ARTICLE 11.  CONSEQUENCES OF TERMINATION

11.1    Termination of this Agreement shall be without prejudice to the accrued
        rights and liabilities of the Parties at the date of termination, unless
        waived in writing by the mutual agreement of the Parties.

11.2    Termination of this Agreement shall be accompanied by a notice of intent
        to terminate this Agreement, in writing with stated reasons, provided to
        the other Party hereto.

11.3    If this Agreement is terminated for any of the reasons set forth in
        Article 10, the Party providing notice of termination (the "Terminating
        Party") shall, at its option, have the following rights, in addition to
        any other rights to which it is entitled:

        11.3.1 If an Investor is the Terminating Party, to require the Company
               to purchase, pro rata in accordance with its ratio of
               shareholdings in the Company, all of Investor's Company Shares at
               fair market value;

        11.3.2 If the Company is the Terminating Party, to require the breaching
               Investor to sell all of the breaching Investor's Company shares
               at fair market price to the Company or a person to be designated
               by the Company

        11.3.3 The Investor may cause the Company to remove investor's name or
               names and/or its trademarks or other distinctive designations
               from the name of and from use by the Company. If a Party opts to
               request removal pursuant to this Section 11.3.3, the other
               Parties shall take all steps necessary to remove the name,
               trademark or trade name of or any reference to the party so
               opting, including the Korean language or Korea equivalent of
               such, as appropriate.

11.4    Upon termination of this Agreement for any reason, any and all
        information (whether confidential or not), data or documentation in any
        form whatsoever provided to the Company by the Investor regarding any of
        Investor's technical know-how, patents or other intellectual property
        rights, and any and all reproductions or copies thereof, shall be
        immediately returned to the Investor.

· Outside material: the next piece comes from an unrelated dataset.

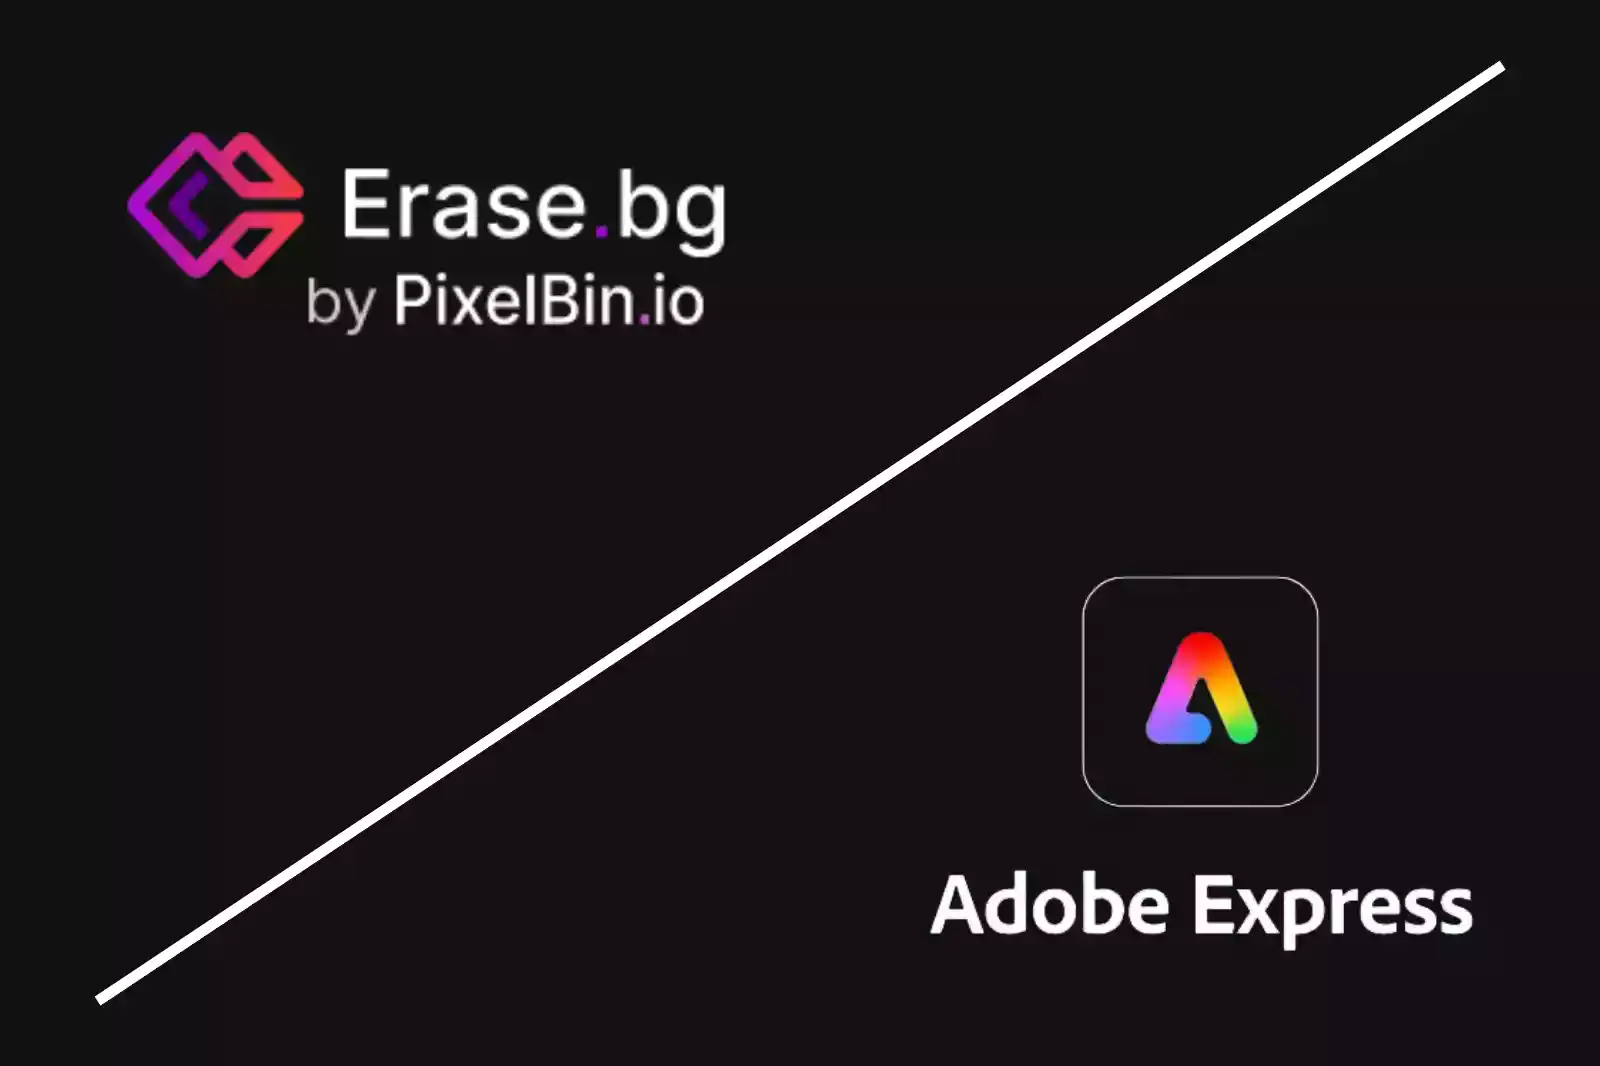 Erase.bg and Adobe Express Alternatives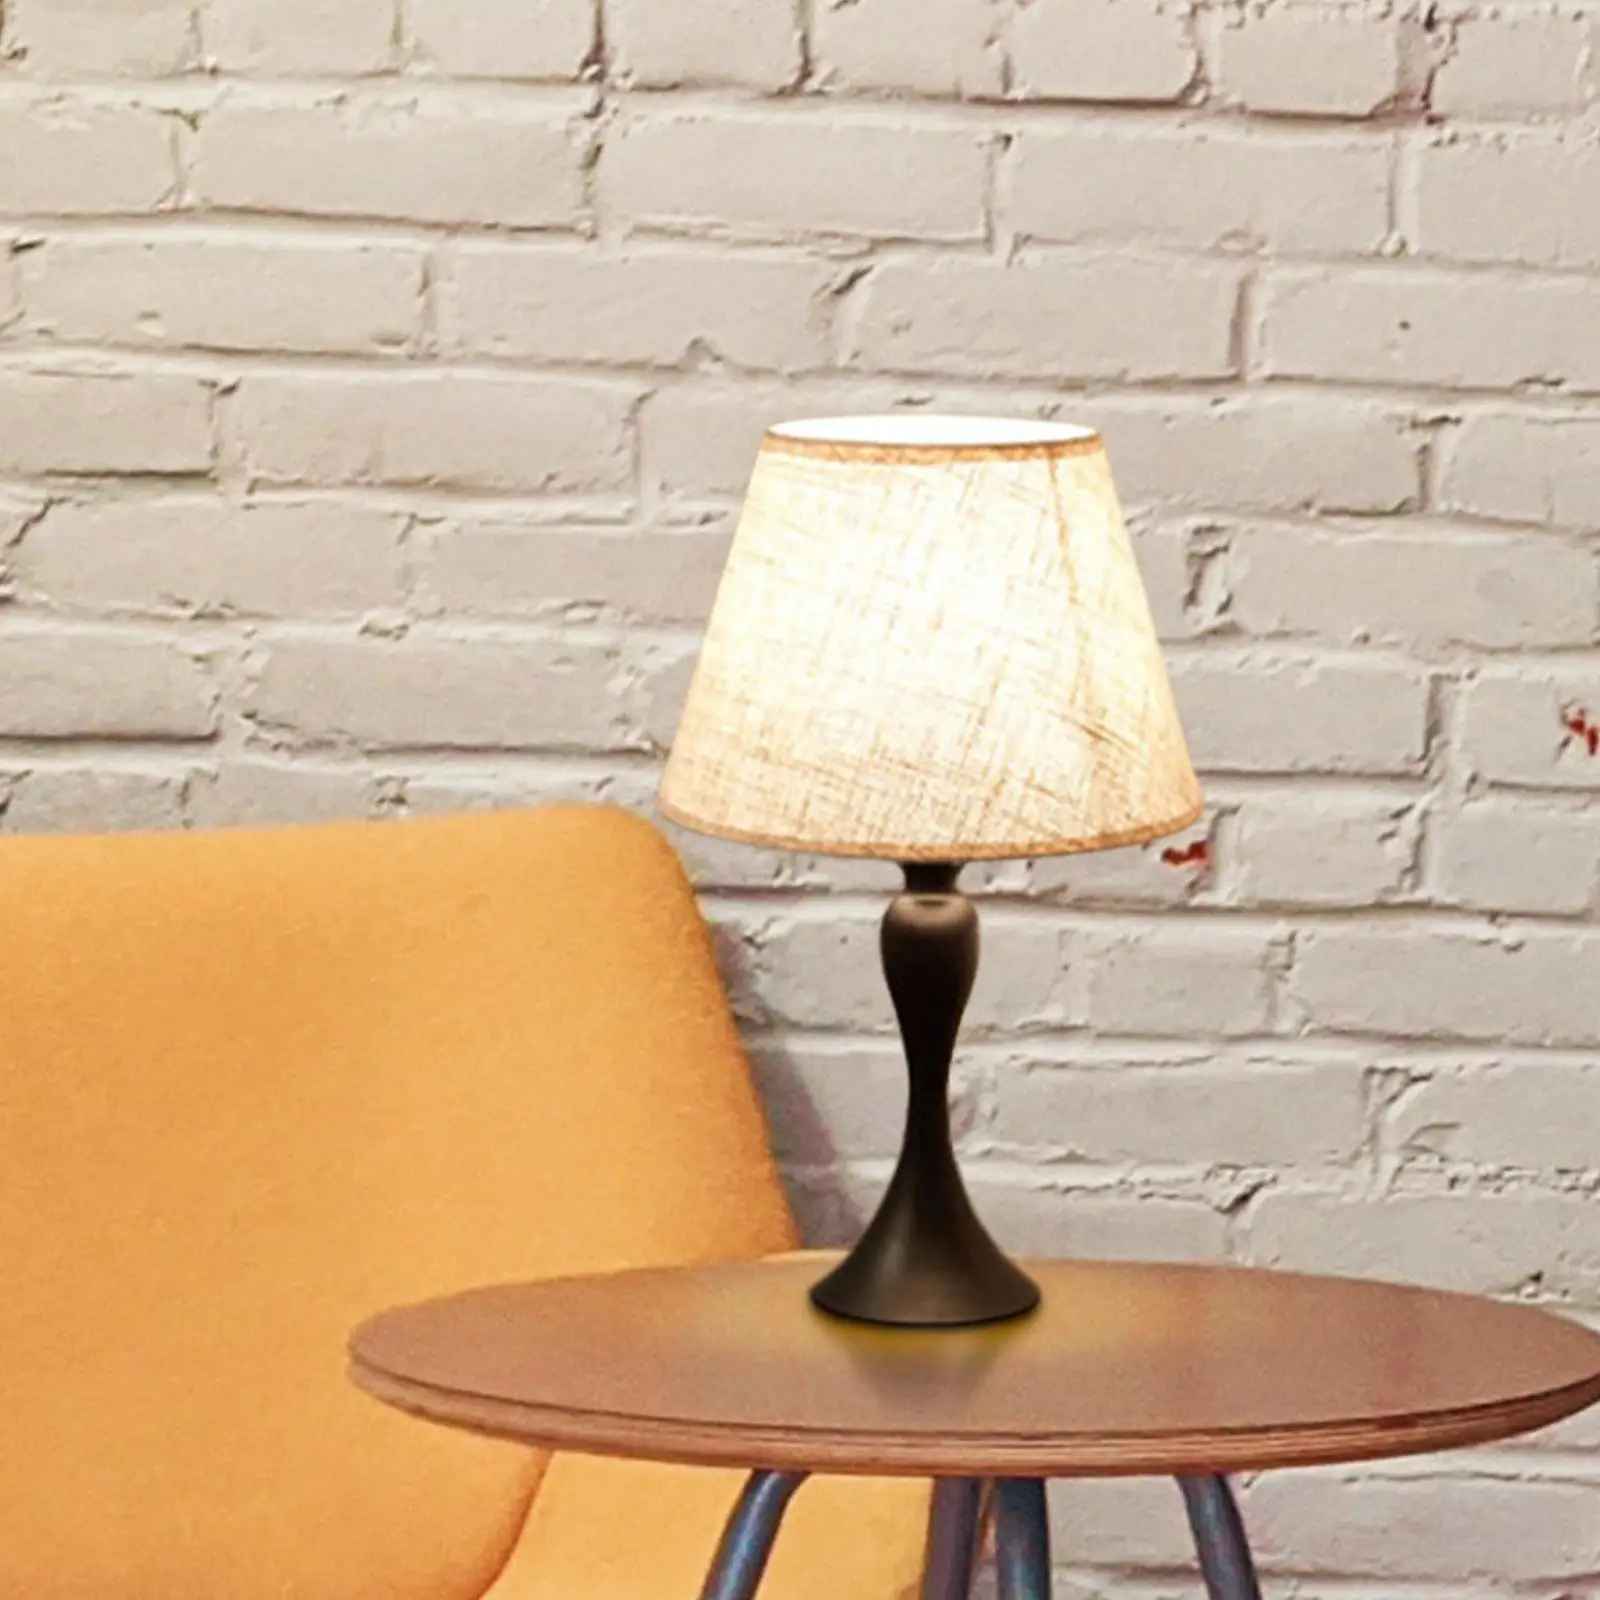 Simple Lantern Table Lamp Desk Light Decorative Romantic for Bar Decoration

11.5    Upon termination of this Agreement for any reason, any and all
        information (whether confidential or not), data or documentation in any
        form whatsoever provided to the Investor by Company regarding any of
        Company's technical know-how, patents or other intellectual property
        rights, and any and all reproductions or copies thereof, shall be
        immediately returned to the Company.



11.6    In the event the Parties are unable to agree within a period of thirty
        (30) Business Days upon the fair market value of any Company Shares to
        be transferred, the fair market value shall be determined by an
        independent public accountant to be chosen mutually by the Parties. The
        determination by such accountant shall be final, conclusive, and binding
        on both Parties.

11.7    Upon termination of this Agreement for any reason other than those set
        forth in Article 10 above, the Parties shall have an immediate amicable
        discussion with regard to the disposition of Company Shares owned by the
        Investor and/or the disposition of the assets and liabilities (including
        any severance obligations) of the Company. If the Parties fail to reach
        an agreement regarding disposition, the dispute shall be settled in
        accordance with Article 16 below.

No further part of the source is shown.